Senate Republicans: Recent funding numbers contradict CTU claims

As 600 members of the Chicago Teacher’s Union took a taxpayer-funded day off at the Capitol to demand $1 billion more in state funding for Chicago Public Schools, Senate Republican Caucus leaders say recent funding numbers contradict many of the CTU’s claims.

Senate Republican Deputy Leader Sue Rezin (R-Morris), State Senator Don DeWitte (R-St. Charles) and State Senator Seth Lewis (R-Bartlett) say many special financial deals have been provided to Chicago Public Schools in recent years that other schools don’t receive. They also note that many more schools district throughout Illinois face far worse financial challenges.

“I am a strong supporter of investing in our public schools which is why I had an active role in the bipartisan Evidence-Based Funding formula that I voted for seven years ago. EBF took years of hard work and negotiations from countless advocates and stakeholders and ensured that no school district was a winner or loser.
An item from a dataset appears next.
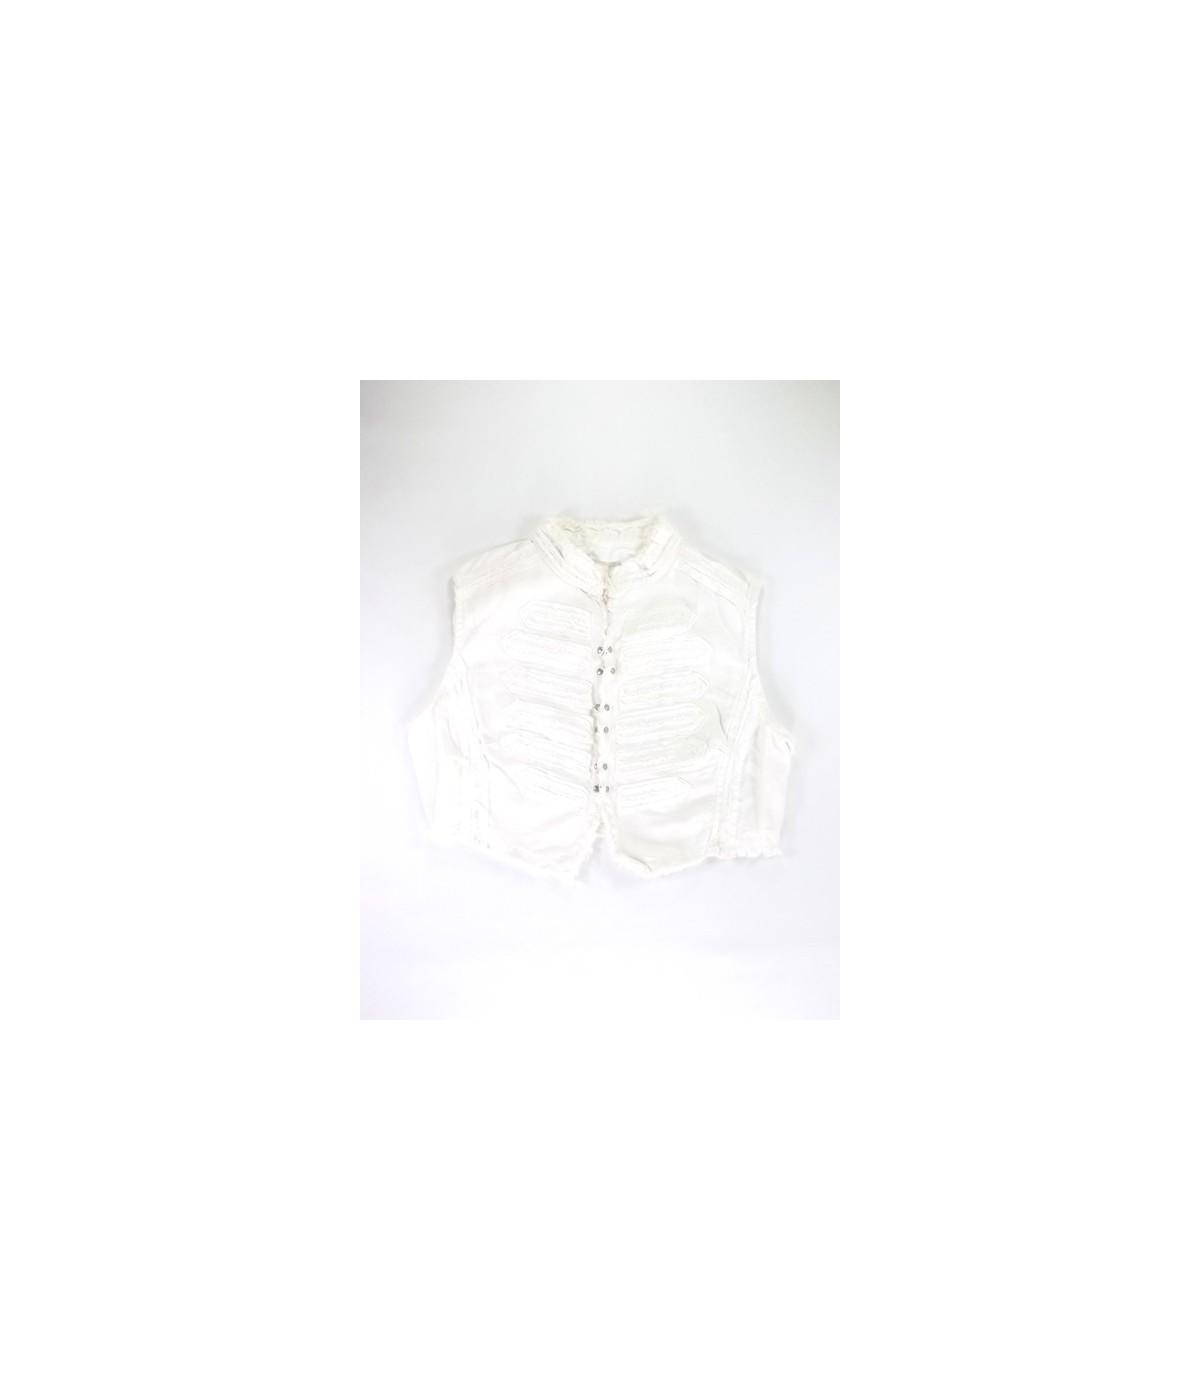 fec0e005de Fehér rojtos mellény (140). Loading zoom

Every district was guaranteed the same level of funding that they received before EBF was implemented,” Rezin said. “The law was designed to provide a roadmap to get all schools in Illinois to adequacy.”

Under the Evidence-Based Funding (EBF) model, school districts are broken into a four-tier system with Tier One school districts being those that have the greatest need for new state funding to adequately educate their students. Since the funding formula was passed, and with additional state support, CPS has already moved up to Tier 2.
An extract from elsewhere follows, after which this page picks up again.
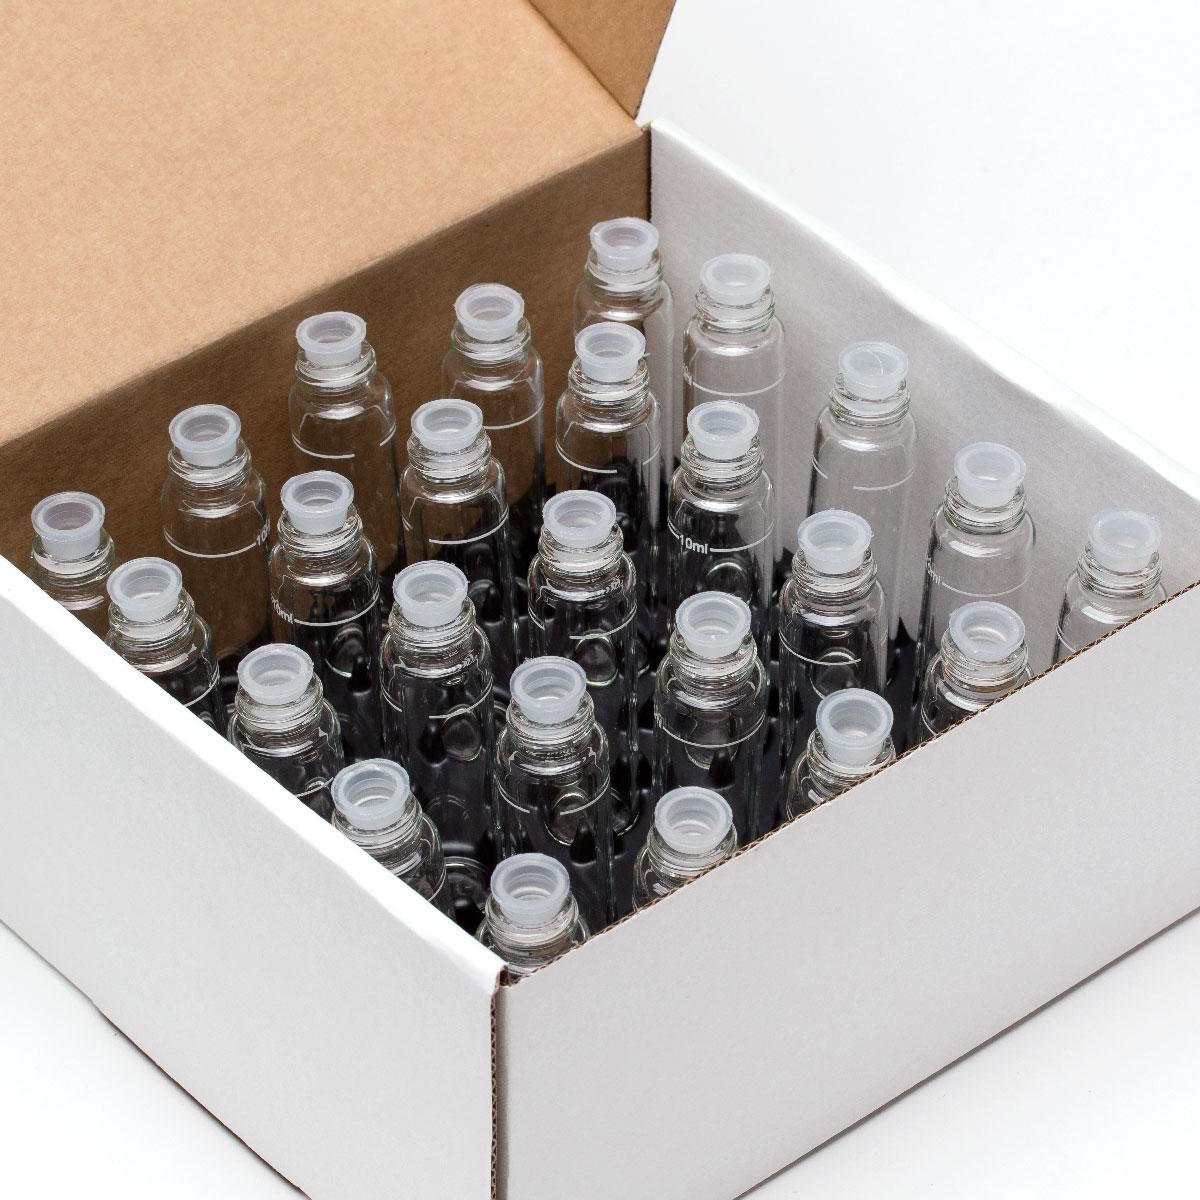 Cubetas de Vidrio Redondas para HI759 (25 Piezas) - HI731359

Senator DeWitte said that for many years, CPS has received a disproportionate share of the state’s education resources through special carve-outs and unique grants, such as hundreds of millions from the Chicago Block Grant that was written into the CPS base as part of the formula.

 “Very little surprises me any more in this Capitol building but knowing how the scales have been tipped in CPS’s favor with regard to funding over the years, it is simply outrageous for the Mayor and now for the Chicago Teacher’s Union to come down here and try to bully lawmakers into money they claim they are being shortchanged,” DeWitte said. “These funding extras were grandfathered in and built into CPS’s new revenue streams. Yet there are more than 300 Tier 1 school districts all over the state that the formula says have greater need than the Tier 2 CPS. The needs of the Tier 1 schools that are ahead of CPS in line are no less important. Their students, teachers, and families are no less valuable.”

Senator Lewis says in a tight budget year for the State of Illinois, the demands made by Chicago Mayor and the CTU members that they owed more than a billion dollars are tone-deaf to the fiscal realities Illinois faces in crafting the Fiscal Year 2025 budget.

“Everyone has a right to come to this building to ask for something, but when you continuously use bullying tactics to intimidate people, and then resort to name calling when they do not agree with you, I think you are going to find there is going to be some pushback. People in this building are getting tired of that, and there is going to be opposition. Those of us who represent the suburbs are not intimidated, nor are we swayed, by the bullying tactics,” Lewis said. “Chicago needs to start paying its own bills. In the suburbs, when there is a financial need within a school district, they go to referendum. Voters weigh in at the ballot box in an up or down vote, and school districts respond accordingly. It’s time Chicago started playing by the same rules everyone else is expected to play by.”

The Senate Republican Caucus leaders say they will continue to stand up for taxpayers as well as provide equal funding for schools throughout Illinois.